We finally investigated the effects of palmitate exposure on the kinetics of glucose-induced insulin secretion from mouse islets (Figure 7D). In control islets, glucose (20 mM) produced a 30-fold stimulation of insulin secretion that peaked after 5 min and later stabilized at a somewhat lower plateau (20-fold higher than basal). In islets that had been treated with palmitate, glucose-stimulated insulin secretion was inhibited by ∼60% throughout the stimulation period.

Discussion

Here we show that the inhibitory effect of long-term exposure to palmitate on insulin secretion is associated with alterations in the microdomains of Ca2+ entry in β cells. This leads to a selective inhibition of exocytosis triggered by brief (<100 ms) action potential-like depolarizations. Although the β cell contains a large number of release-competent granules, only those in close proximity to the voltage-gated Ca2+ channels are released during β cell electrical activity. We have previously proposed that Ca2+ channels are physically tethered to the insulin granules (Wiser et al., 1999). Thanks to this arrangement, a subset of release-competent granules are exposed to the very high [Ca2+]i that occurs in the close vicinity of the Ca2+ channel. Our data suggest that palmitate causes disassembly of the tight complexes of Ca2+ channels and weakens the Ca2+ microdomains that form and trigger insulin exocytosis. Under control conditions, the close proximity of Ca2+ channels and secretory granules ensures that exocytosis is triggered by the localized increases in [Ca2+]i evoked by an action potential (Figure S4A). Following palmitate treatment, however, the increase in [Ca2+]i does not reach sufficiently high concentrations close to the secretory granule to produce exocytosis. This would explain the strong inhibition of exocytosis during action potential-like stimulation as well as the much greater inhibition of exocytosis caused by strong Ca2+ buffering (Figure 5E). This scenario also accounts for the failure of tolbutamide to correct the secretion defect (Olofsson et al., 2007). This is because tolbutamide triggers brief action potentials of the same type as those occurring in response to glucose (Henquin and Meissner, 1982).
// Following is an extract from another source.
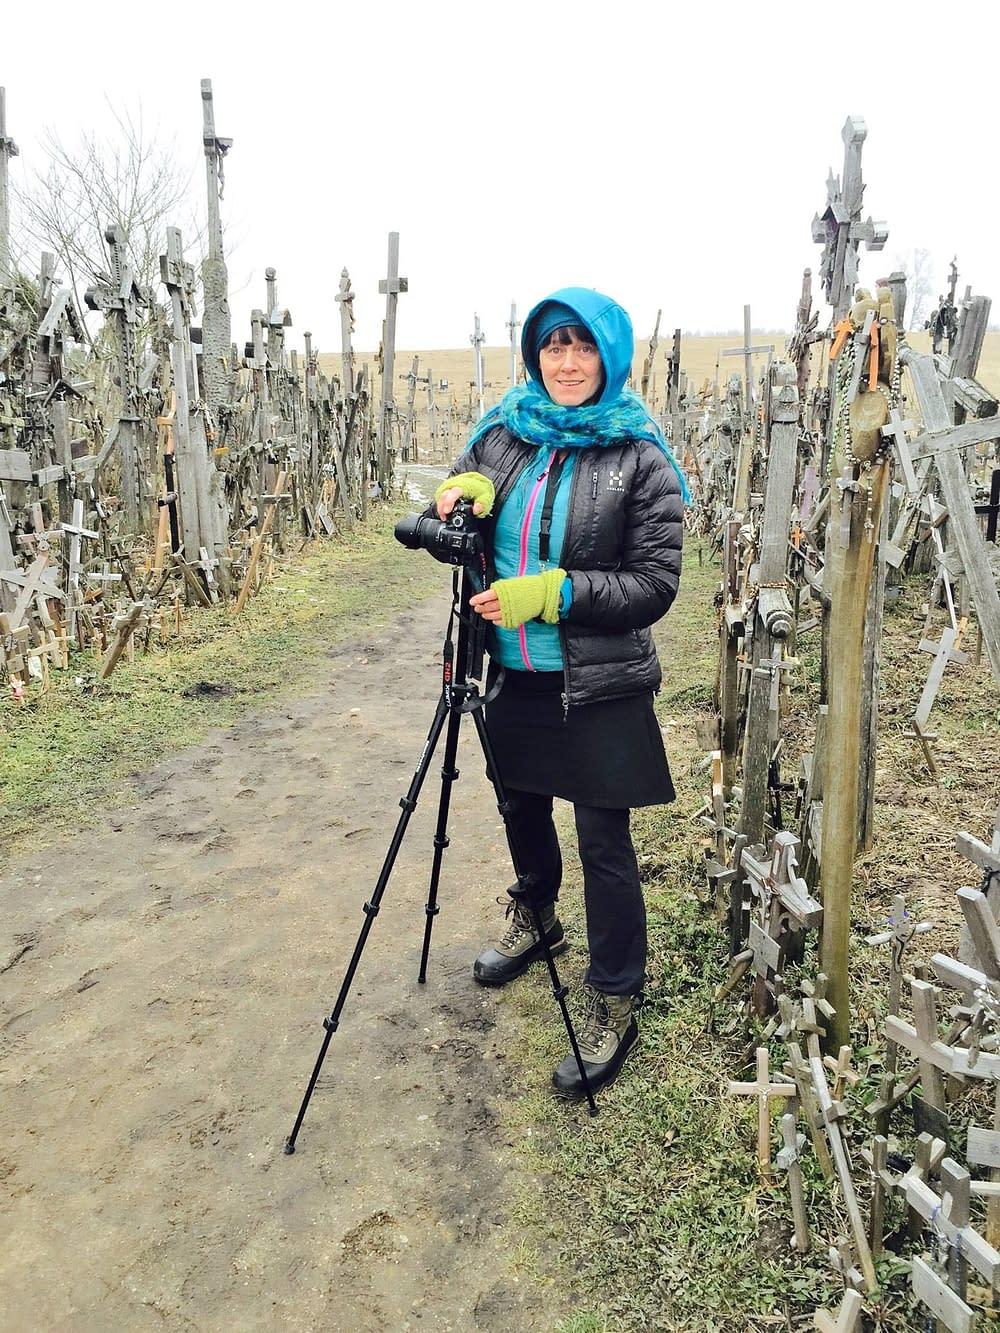 Storyteller Malin Skinnar at Kryziu Kalnas, Lithuania

We emphasize that insulin secretion from palmitate-treated β cells is not inhibited as a consequence of reduced release competence (Figure 6C). The fact that exocytosis during 250 ms depolarizations is unaffected is also consistent with the idea that FFAs suppress glucose-induced insulin secretion by disruption of the tight coupling between Ca2+ channels and the secretory granules. During such long depolarizations, [Ca2+]i equilibrates within the cell and exocytosis will no longer be restricted to the immediate vicinity of the Ca2+ channels. This accounts for the ability of TEA, which leads to a marked prolongation of the β cell action potential, to restore insulin secretion in palmitate-treated islets to control values.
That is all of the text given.